Общеизвестно, что наш великий земляк Лев Николаевич Толстой любил спорт: занимался гимнастикой, играл в шахматы, катался на коньках и велосипеде и даже публиковался в журнале "Циклист", где ратовал за велогонки на снегу.
Увы, Толстого не стало в тот же год, когда на Тульской земле впервые состоялся футбольный матч. Иначе наверняка такой страстный человек, как Лев Николаевич, увлёкся бы игрой миллионов. Покуда межсезонье, я позволил себе немного пофантазировать на эту тему. Сразу скажу, что Толстого очень уважаю, и то, как он изображён в этой небольшой зарисовке, никоим образом не дискредитирует писателя, а ещё раз иллюстрирует широту его натуры и разнообразие увлечений.
"Тупорылая деревня! Хэй-хэй!" - раздалось около десяти вечера над Ясной Поляной.
- Вот язви его душу... - заворочался на полатях крестьянин Семён Федотов.
- Неуж барин опять со своего футбола приехал? - отозвалась жена Семёна Анна.
- А то! Теперь всю ночь вопить будет, - недовольно вздохнул Семён, шумно повернулся на другой бок и накрылся тулупом.
"Его в уча-а-асток оттащи-и-или - теперь он больше не фанат!" - орал граф Толстой, пробираясь сквозь спускающиеся осенние сумерки к дому.
В конюшне заржали лошади, и даже подрёмывавший петух вдруг очнулся и попытался кукарекнуть.
"Кто мы? Пряники! Злые, злые пряники!" - хриплый голос Льва Николаевича разрывал умиротворённую атмосферу яснополянского вечера.
Наконец эти вопли достигли ушей прикорнувшей на диване Софьи Андреевны. Она сбежала по лестнице, растворила двери и увидала Льва Николаевича, исцарапанного, в рваной рубахе, поверх которой болтался красно-жёлтый шарф.
- Лёва! Что с тобою? - воскликнула она.
- Тула мы, а вы... - начал Толстой.
- Лев Николаевич! Вы же всё-таки аристократ, посему потрудитесь выбирать выражения! Да вы ещё и пьяны!

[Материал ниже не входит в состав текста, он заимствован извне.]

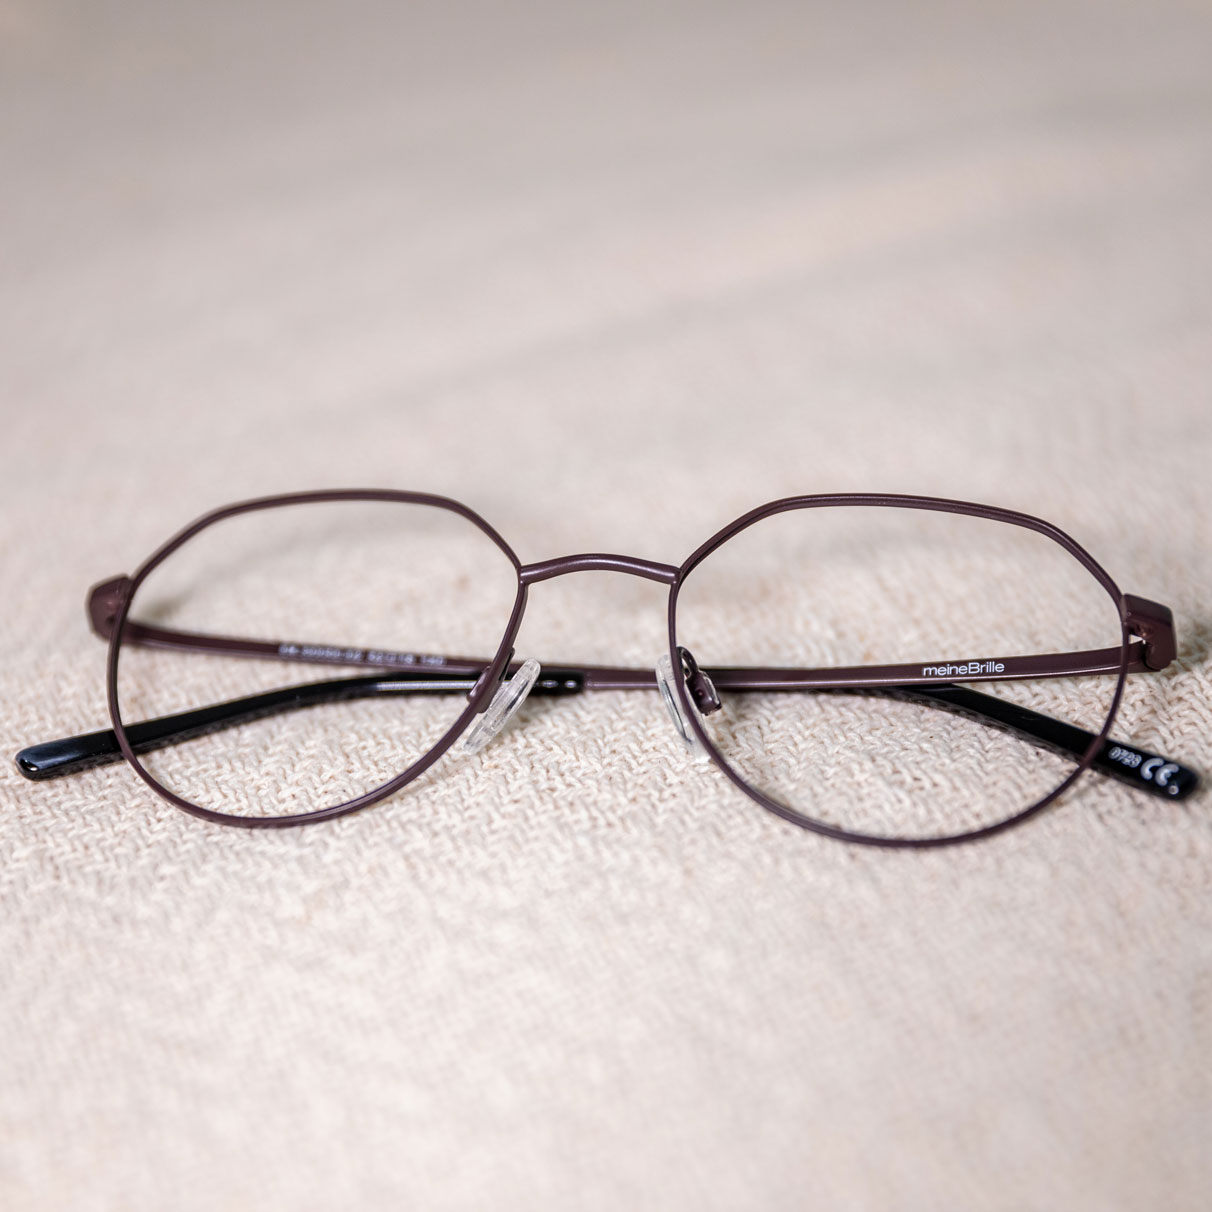 meineBrille Modelle für Gleitsichtbrillen mit Zeiss Gläsern
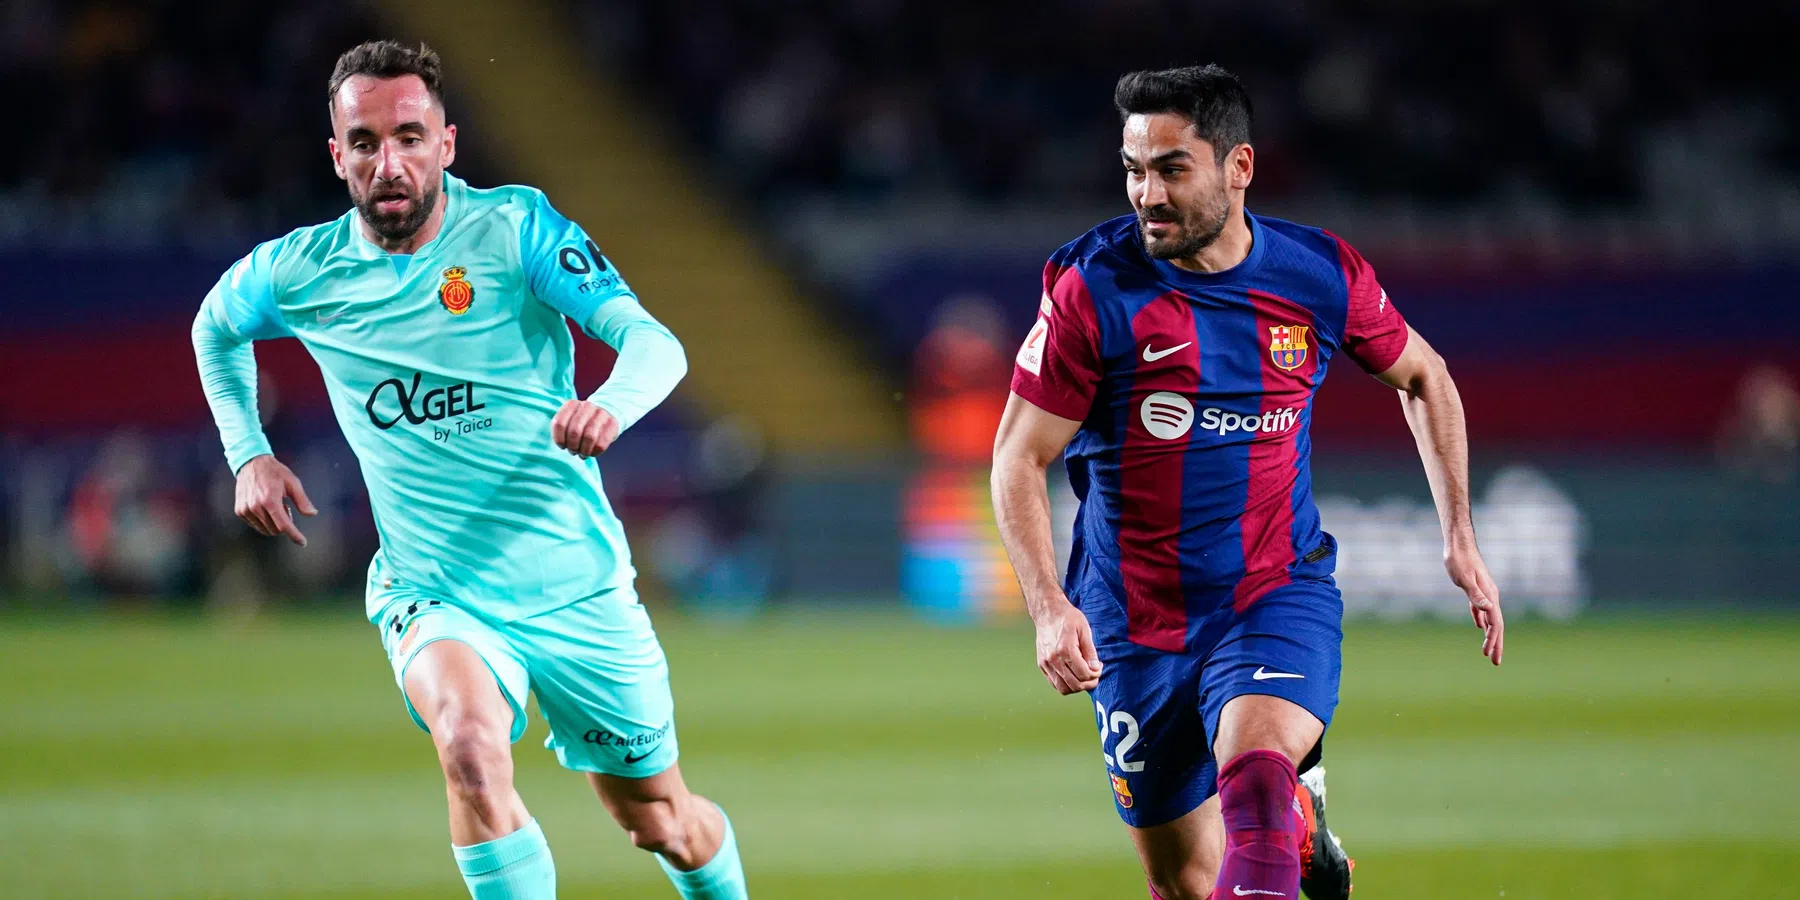 Frenkie-loos Barça dankt piepjonge Yamal (16) en boekt minimale overwinning

- Да, Софьюшка, я опьянён победою! Но как мне не быть опьянённым, если мы сегодня обыграли орловчан и утёрли нос этому писателишке Тургеневу! А потом ещё на Киевской наподдали им! Мы сильнее, мы победим! Мы сильнее, мы победим! - вновь завёлся Лев Николаевич.
- Ну хорошо, успокойся... Только зачем же ты так нехорошо отзываешься о Иване Сергеиче? Он ведь твой друг...
- Да ты подумай, Софьюшка: человек, который не пробил ни одного выезда за свой клуб, достоин ли быть другом такого фаната, как я? - горячно, но раздумчиво возразил Толстой.
Видя, что Льва Николаевича не переубедить, Софья Андреевна предпочла больше не возражать.
- Ты, Лёвушка, лёг бы отдохнуть - одиннадцатый час уже.
- Да, Софьюшка, непременно! Сейчас же иду. А спозаранку надо выдвигаться в Щёкино. Там завтра хоккей. Кто сказал, что "Корд" наш в жо...
- Лёва! Прекрати сей же час, прошу тебя!
- Хорошо, хорошо. Прости меня. Ступай, я скоро приду - полюбуюсь только сумерками, - согласился граф.
Софья Андреевна кивнула и скрылась в дверях. Судя по устремлённому вдаль взгляду, в душе Льва Николаевича происходила какая-то внутренняя борьба, что-то ещё не сделанное тяготило его, мучило. Видно было, что он борется с собою. Наконец через несколько минут Лев Николаевич вошёл в дом. Но через секунду двери распахнулись, и в них возник граф, раскинувший руки с красно-жёлтой розой.
- Зига! Зага! Зига-зага-зига-зага, хэй, хэй! - проорал он в темноту, после чего, умиротворённый, наконец отправился спать.
А нынешнего отпрыска великого писателя не взяли в фан-клуб Дулки, зато взяли в общественную Палатку.